Charles Randall
Charles Randall

Reputation: 7310

Is there a downside to sending a message to a nil object in objective c?

I'm a long time C++ programmer, with a good amount of time in C#. I'm working in Objective C now however, and I'm wondering, is there a downside to sending a message to a nil object in Objective C?

For instance, I'm very used to doing this:

MyClass* c = NULL;
// ...
if( c != NULL ) c->MyMethod();

So in Objective C, I find myself doing:

MyClass* c = nil;
// ...
if( c != nil ) [c MyMethod];

So what I'm wondering is, is there any benefit at all to checking for nil? Is Objective C smart enough to not do any extra weird processing if I try to send a message to nil? Or is there some hidden cost that makes it worthwhile to continue checking for nil?

Upvotes: 2

Views: 208

Answers (3)

hburde
hburde

Reputation: 1441

Messaging nil is no problem as long as the return value is meaning full in that context. Debugging can get complicated in some instance ...

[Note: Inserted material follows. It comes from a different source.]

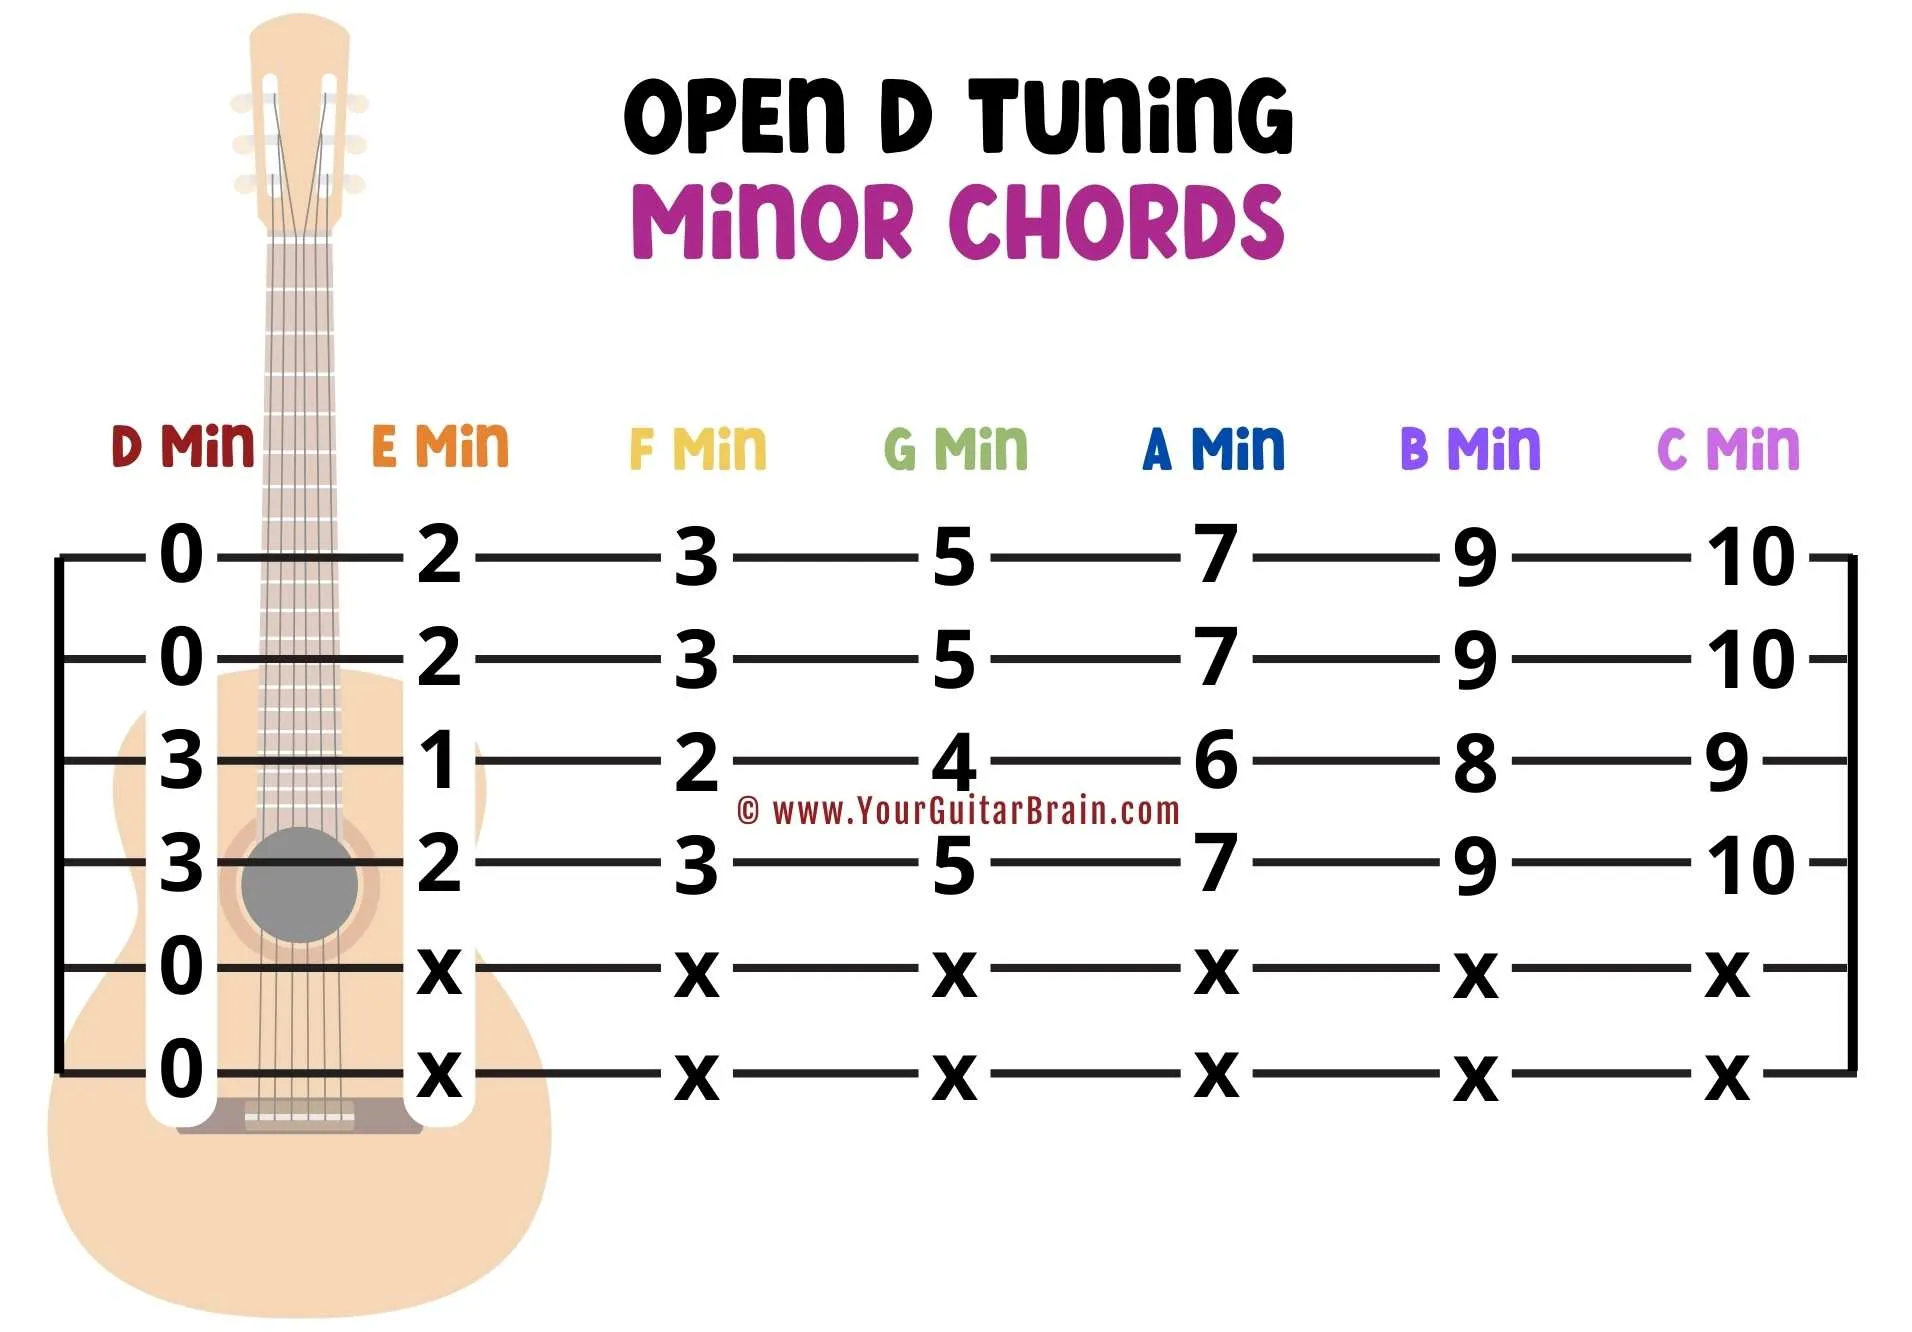 Open D Tuning Minor Chords for guitar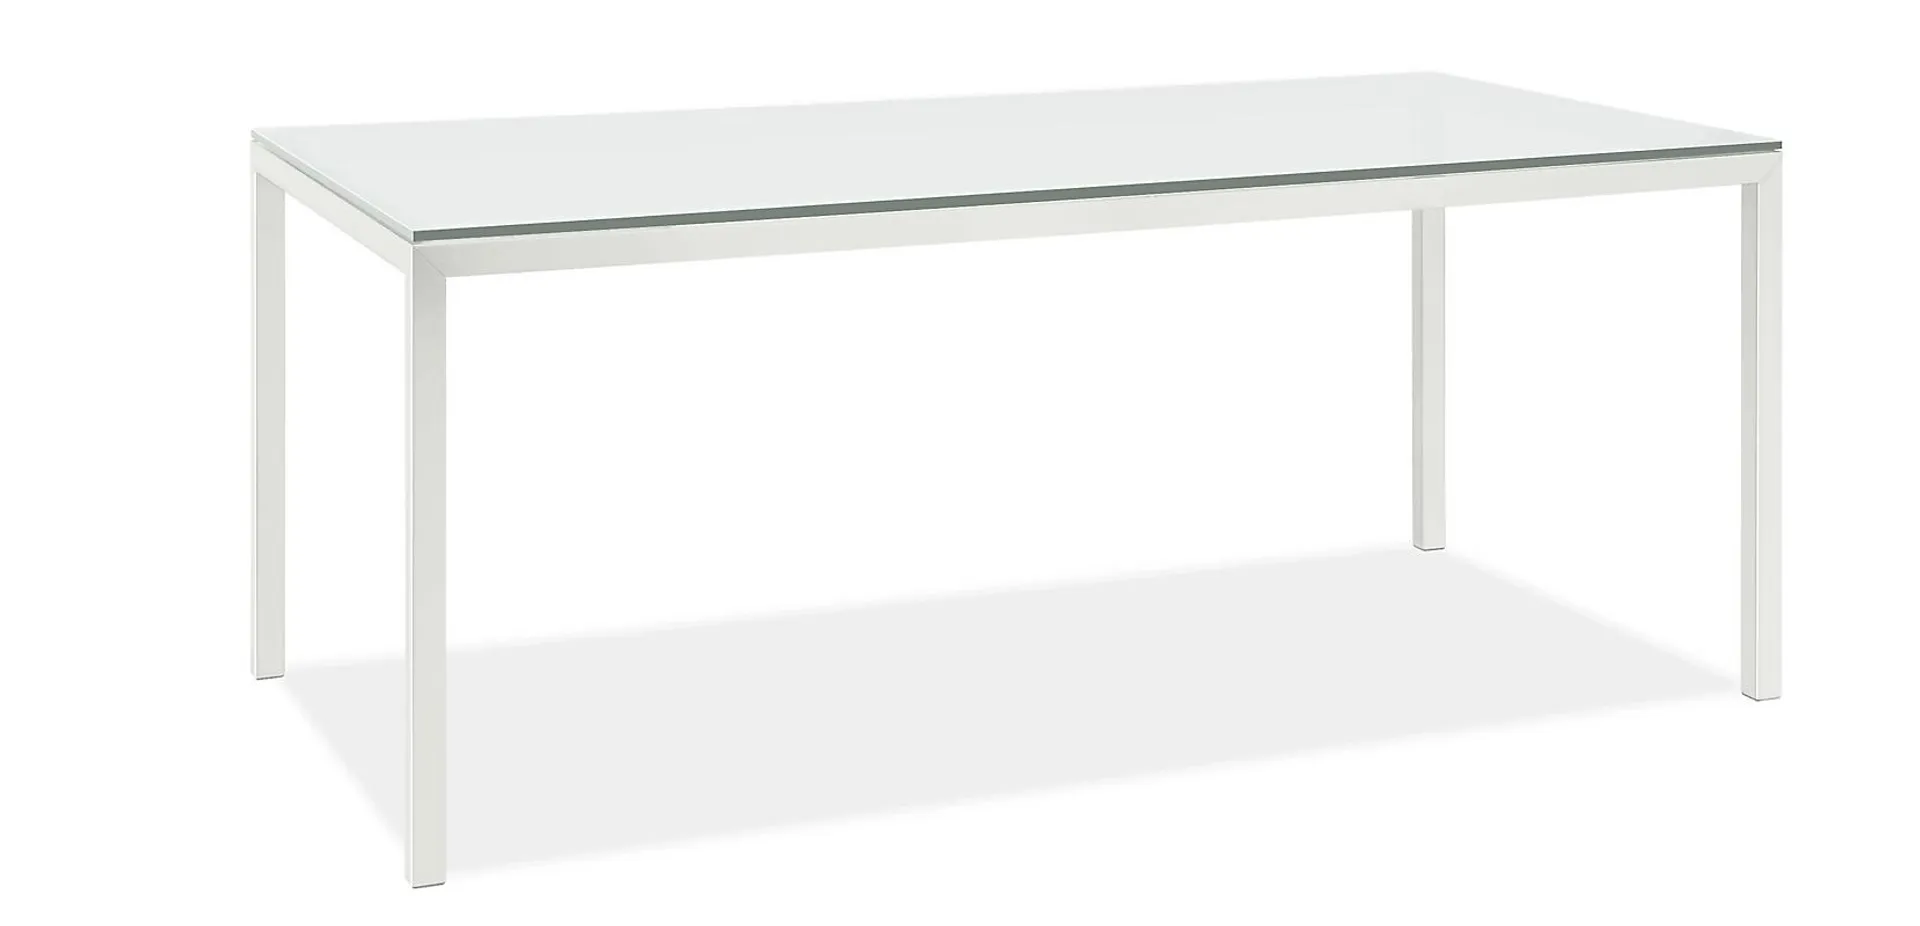 Parsons 72w 30d 35h Counter Table in 1.5" White w/TMPRD White Satin Etch Glass

"If the method returns any pointer type, any integer scalar of size less than or equal to sizeof(void*), a float, a double, a long double, or a long long, then a message sent to nil returns 0" (Apple - link below) -- https://developer.apple.com/library/ios/#documentation/cocoa/conceptual/objectivec/Chapters/ocObjectsClasses.html (Sending Message to nil).

Upvotes: 2

Elfred
Elfred

Reputation: 3851

In Objective-C you do not need to check nil, messaging a nil valid is perfectly valid and most of the times will return nil or 0 if the return value is an integer. The return value is undefined if the return value of the message being passed is a float, double or struct though.

Upvotes: 4

Black Frog
Black Frog

Reputation: 11725

Nope. That is the beauty of Objective-C.